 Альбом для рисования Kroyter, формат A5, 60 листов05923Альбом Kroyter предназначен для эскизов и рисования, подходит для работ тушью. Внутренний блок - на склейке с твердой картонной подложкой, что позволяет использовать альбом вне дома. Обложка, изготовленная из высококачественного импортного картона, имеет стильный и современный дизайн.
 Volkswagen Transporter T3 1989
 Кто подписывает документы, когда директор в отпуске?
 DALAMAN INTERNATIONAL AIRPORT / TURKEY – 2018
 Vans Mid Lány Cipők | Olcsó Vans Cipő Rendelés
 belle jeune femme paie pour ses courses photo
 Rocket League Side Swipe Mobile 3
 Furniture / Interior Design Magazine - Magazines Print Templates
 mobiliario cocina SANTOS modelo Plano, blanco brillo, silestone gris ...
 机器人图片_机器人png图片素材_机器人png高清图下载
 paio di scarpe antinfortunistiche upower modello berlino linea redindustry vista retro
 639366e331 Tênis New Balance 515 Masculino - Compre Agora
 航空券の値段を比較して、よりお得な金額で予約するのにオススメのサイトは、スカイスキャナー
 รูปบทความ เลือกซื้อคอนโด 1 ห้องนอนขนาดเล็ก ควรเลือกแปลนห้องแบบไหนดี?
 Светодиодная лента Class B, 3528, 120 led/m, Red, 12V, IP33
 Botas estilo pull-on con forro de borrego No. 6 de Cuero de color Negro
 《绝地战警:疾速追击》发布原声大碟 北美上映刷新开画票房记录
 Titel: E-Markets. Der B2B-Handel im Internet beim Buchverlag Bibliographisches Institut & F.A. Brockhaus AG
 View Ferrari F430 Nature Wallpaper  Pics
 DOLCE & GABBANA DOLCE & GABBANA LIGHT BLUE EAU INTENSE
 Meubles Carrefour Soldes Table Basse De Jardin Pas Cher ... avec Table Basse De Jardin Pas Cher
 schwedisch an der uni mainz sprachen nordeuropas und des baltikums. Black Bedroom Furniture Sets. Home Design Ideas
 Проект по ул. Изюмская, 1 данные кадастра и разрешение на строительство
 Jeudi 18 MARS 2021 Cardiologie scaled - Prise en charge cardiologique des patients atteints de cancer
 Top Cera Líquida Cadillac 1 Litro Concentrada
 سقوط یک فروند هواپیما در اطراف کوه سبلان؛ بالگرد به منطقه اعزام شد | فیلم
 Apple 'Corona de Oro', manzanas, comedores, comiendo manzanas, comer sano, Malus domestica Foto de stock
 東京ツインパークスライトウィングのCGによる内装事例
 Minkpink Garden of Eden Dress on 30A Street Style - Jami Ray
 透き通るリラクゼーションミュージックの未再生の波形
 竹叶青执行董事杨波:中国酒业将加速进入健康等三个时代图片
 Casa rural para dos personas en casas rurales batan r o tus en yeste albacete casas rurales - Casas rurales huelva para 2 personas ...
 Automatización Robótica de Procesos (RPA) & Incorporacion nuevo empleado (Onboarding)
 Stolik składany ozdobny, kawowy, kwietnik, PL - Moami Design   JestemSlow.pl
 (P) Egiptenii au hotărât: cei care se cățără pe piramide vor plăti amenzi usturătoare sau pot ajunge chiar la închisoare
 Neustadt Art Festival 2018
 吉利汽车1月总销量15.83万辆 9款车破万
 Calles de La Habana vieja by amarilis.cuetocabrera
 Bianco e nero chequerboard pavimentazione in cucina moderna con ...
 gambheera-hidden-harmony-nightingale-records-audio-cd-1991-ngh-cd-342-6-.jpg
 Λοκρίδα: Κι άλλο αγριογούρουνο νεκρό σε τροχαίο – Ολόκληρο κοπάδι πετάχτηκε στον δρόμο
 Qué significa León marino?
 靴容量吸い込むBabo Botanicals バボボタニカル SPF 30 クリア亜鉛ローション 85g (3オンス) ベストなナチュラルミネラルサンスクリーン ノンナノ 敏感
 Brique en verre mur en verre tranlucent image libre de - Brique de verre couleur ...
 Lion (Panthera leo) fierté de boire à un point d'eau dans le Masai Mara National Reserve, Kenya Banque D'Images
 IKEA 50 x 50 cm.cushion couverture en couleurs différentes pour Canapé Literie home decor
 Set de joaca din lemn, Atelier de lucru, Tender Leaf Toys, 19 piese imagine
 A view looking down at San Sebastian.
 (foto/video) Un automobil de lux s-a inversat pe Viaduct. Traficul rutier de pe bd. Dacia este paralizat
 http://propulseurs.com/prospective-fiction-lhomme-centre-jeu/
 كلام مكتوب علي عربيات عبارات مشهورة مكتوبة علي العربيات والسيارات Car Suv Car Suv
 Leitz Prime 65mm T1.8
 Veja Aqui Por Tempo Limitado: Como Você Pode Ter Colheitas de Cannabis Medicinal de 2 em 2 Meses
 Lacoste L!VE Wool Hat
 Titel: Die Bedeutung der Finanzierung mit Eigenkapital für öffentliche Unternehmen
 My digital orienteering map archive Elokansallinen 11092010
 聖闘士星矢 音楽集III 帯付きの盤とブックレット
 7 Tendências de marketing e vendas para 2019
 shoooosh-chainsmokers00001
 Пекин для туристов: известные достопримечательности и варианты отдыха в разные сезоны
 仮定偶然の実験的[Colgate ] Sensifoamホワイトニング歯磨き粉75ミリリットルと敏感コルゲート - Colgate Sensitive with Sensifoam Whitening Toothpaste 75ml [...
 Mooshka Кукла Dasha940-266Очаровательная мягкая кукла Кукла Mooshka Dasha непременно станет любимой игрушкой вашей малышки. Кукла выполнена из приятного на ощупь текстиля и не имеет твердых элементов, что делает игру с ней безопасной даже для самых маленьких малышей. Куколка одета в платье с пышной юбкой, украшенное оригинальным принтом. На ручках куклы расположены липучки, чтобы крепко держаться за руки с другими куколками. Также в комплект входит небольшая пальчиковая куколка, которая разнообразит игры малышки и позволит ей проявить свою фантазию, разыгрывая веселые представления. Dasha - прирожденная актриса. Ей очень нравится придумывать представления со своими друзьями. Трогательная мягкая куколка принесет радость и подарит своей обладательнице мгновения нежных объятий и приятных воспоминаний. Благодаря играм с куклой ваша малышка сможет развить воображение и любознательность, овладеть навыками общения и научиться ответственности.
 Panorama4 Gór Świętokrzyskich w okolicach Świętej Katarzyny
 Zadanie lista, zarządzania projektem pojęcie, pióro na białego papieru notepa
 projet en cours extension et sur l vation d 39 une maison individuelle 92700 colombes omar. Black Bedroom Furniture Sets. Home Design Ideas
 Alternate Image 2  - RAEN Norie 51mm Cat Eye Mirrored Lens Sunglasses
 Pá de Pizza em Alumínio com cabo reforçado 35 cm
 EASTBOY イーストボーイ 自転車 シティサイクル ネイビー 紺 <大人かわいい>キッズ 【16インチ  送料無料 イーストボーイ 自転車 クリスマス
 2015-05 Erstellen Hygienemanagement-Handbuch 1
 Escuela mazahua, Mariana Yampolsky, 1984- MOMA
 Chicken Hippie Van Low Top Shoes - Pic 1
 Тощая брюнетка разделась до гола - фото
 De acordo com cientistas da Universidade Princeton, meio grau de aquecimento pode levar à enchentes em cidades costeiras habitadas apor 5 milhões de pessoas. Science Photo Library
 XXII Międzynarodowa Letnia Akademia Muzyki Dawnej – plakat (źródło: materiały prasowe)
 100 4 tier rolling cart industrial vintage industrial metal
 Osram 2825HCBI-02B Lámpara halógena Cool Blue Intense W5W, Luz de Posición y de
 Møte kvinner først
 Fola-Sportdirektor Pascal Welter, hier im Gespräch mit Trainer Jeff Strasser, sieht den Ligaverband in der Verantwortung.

···

Brief. The answer must consist of every line from the entries above that contains "Sets".

Result of the exercise.
 schwedisch an der uni mainz sprachen nordeuropas und des baltikums. Black Bedroom Furniture Sets. Home Design Ideas
 projet en cours extension et sur l vation d 39 une maison individuelle 92700 colombes omar. Black Bedroom Furniture Sets. Home Design Ideas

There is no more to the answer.